Fill the barrel to the 0.5ml mark with the dry soil and add K1 test solution to the 2ml mark. Insert plunger just inside barrel of device and gently shake mixture for 30 seconds. Press the plunger down slowly until it touches the mixture, place on the cap and screw down slowly until you see the solution filter into plunger. Compress out as much solution as is possible without forcing the cap.
Unscrew the cap and pour solution into 1 of the test tubes to make 1ml mark. Now add K2 test solution to the 1.5ml mark. Let the solution stand for 5 minutes before taking a reading. The solution will have degrees of cloudiness according to how much potassium is present. Place the test tube on the square printed over the black shaded rectangles first and move it down the chart until one of the boxes is just visible.
High 900mg/l
High to Medium 600mg/l
Medium 400mg/l
Medium to Low 200mg/l
Low 0-50mg/l
Nitrate Test
Test Solutions: N1 Nitrogen Extractant
N2 Nitrogen Reactant
This nutrient is essential for the growth of vegetation especially grass and leafy plants. The right amount of nitrogen allows for health growth but too much is equally damaging and will affect the plants structure.

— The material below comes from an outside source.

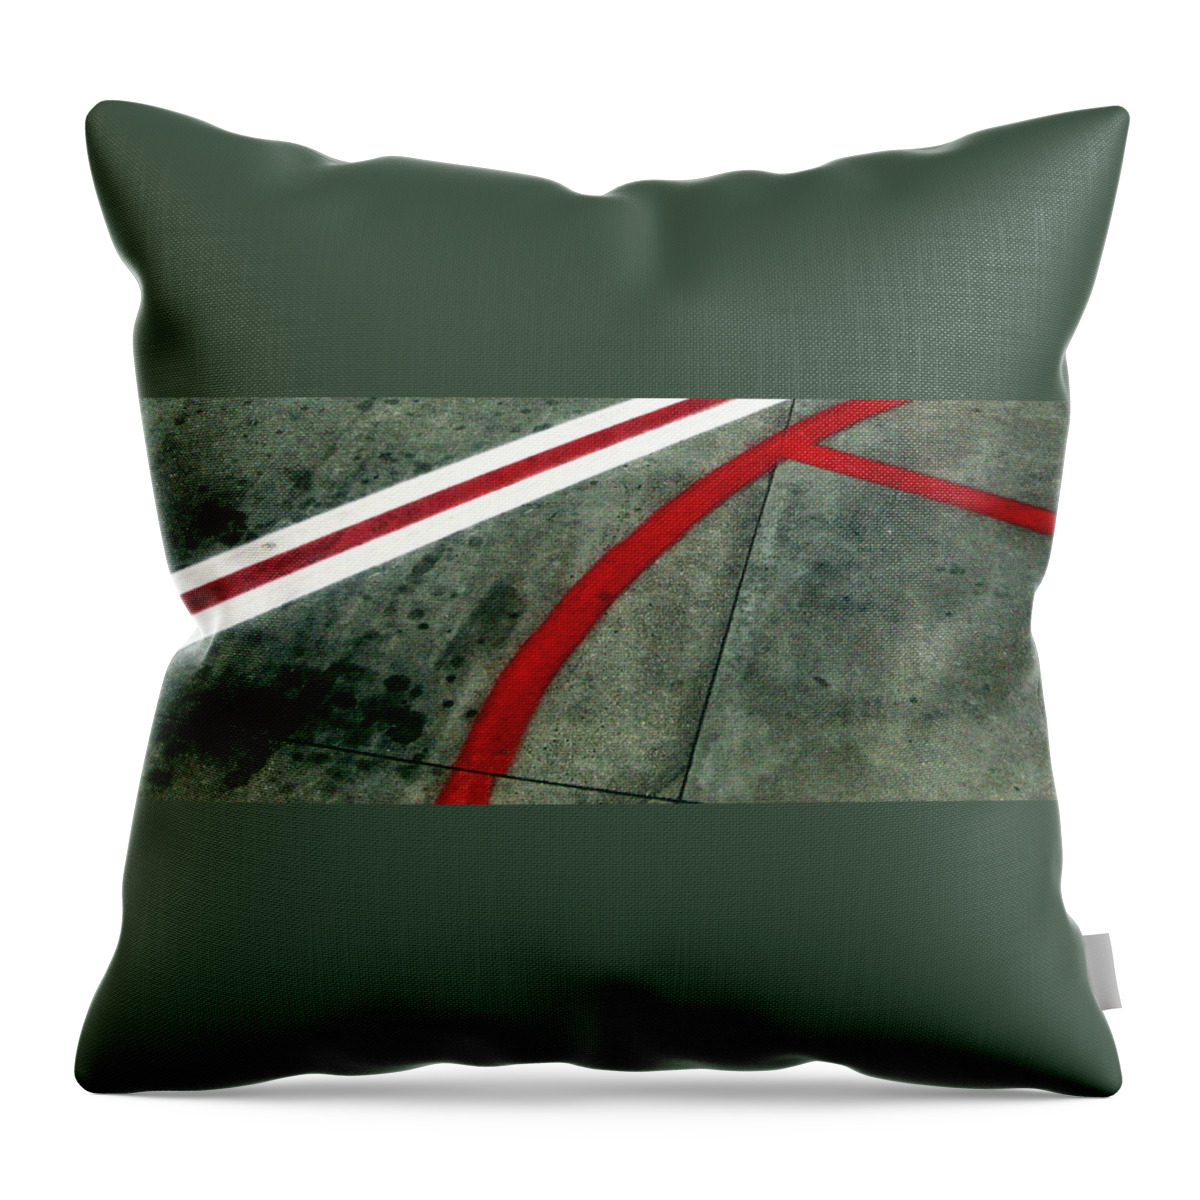 Line Throw Pillow featuring the photograph Sky Line 4 by JC Armbruster

Unscrew the cap on the filtering device and remove plunger. Place 1 of the filter papers into the bottom of the plunger, ensuring a neat fit by using the end of the spoon.
Fill the barrel to the 1ml mark with the dry soil and N1 test solution to 2.5ml mark. Insert plunger just inside barrel of device and gently shake mixture for 30 seconds. Press the plunger down slowly until it touches the mixture, place on the cap and screw down slowly until you see the solution filter into plunger. Compress out as much solution as is possible without forcing the cap.
Unscrew the cap and pour solution into one of the test tubes to the 1ml mark. Now add one level spoon of N2 powder. Cap the test tube and gently shake for 10 seconds and stand for 5 minutes. Place the test tube on the square printed over the black shaded rectangles first and move it down the chart until one of the boxes is just visible.
Phosphorus Test
Unscrew the cap on the filtering device and remove plunger. Place 1 of the filter papers into the bottom of the plunger, ensuring a neat fit by using the end of the spoon.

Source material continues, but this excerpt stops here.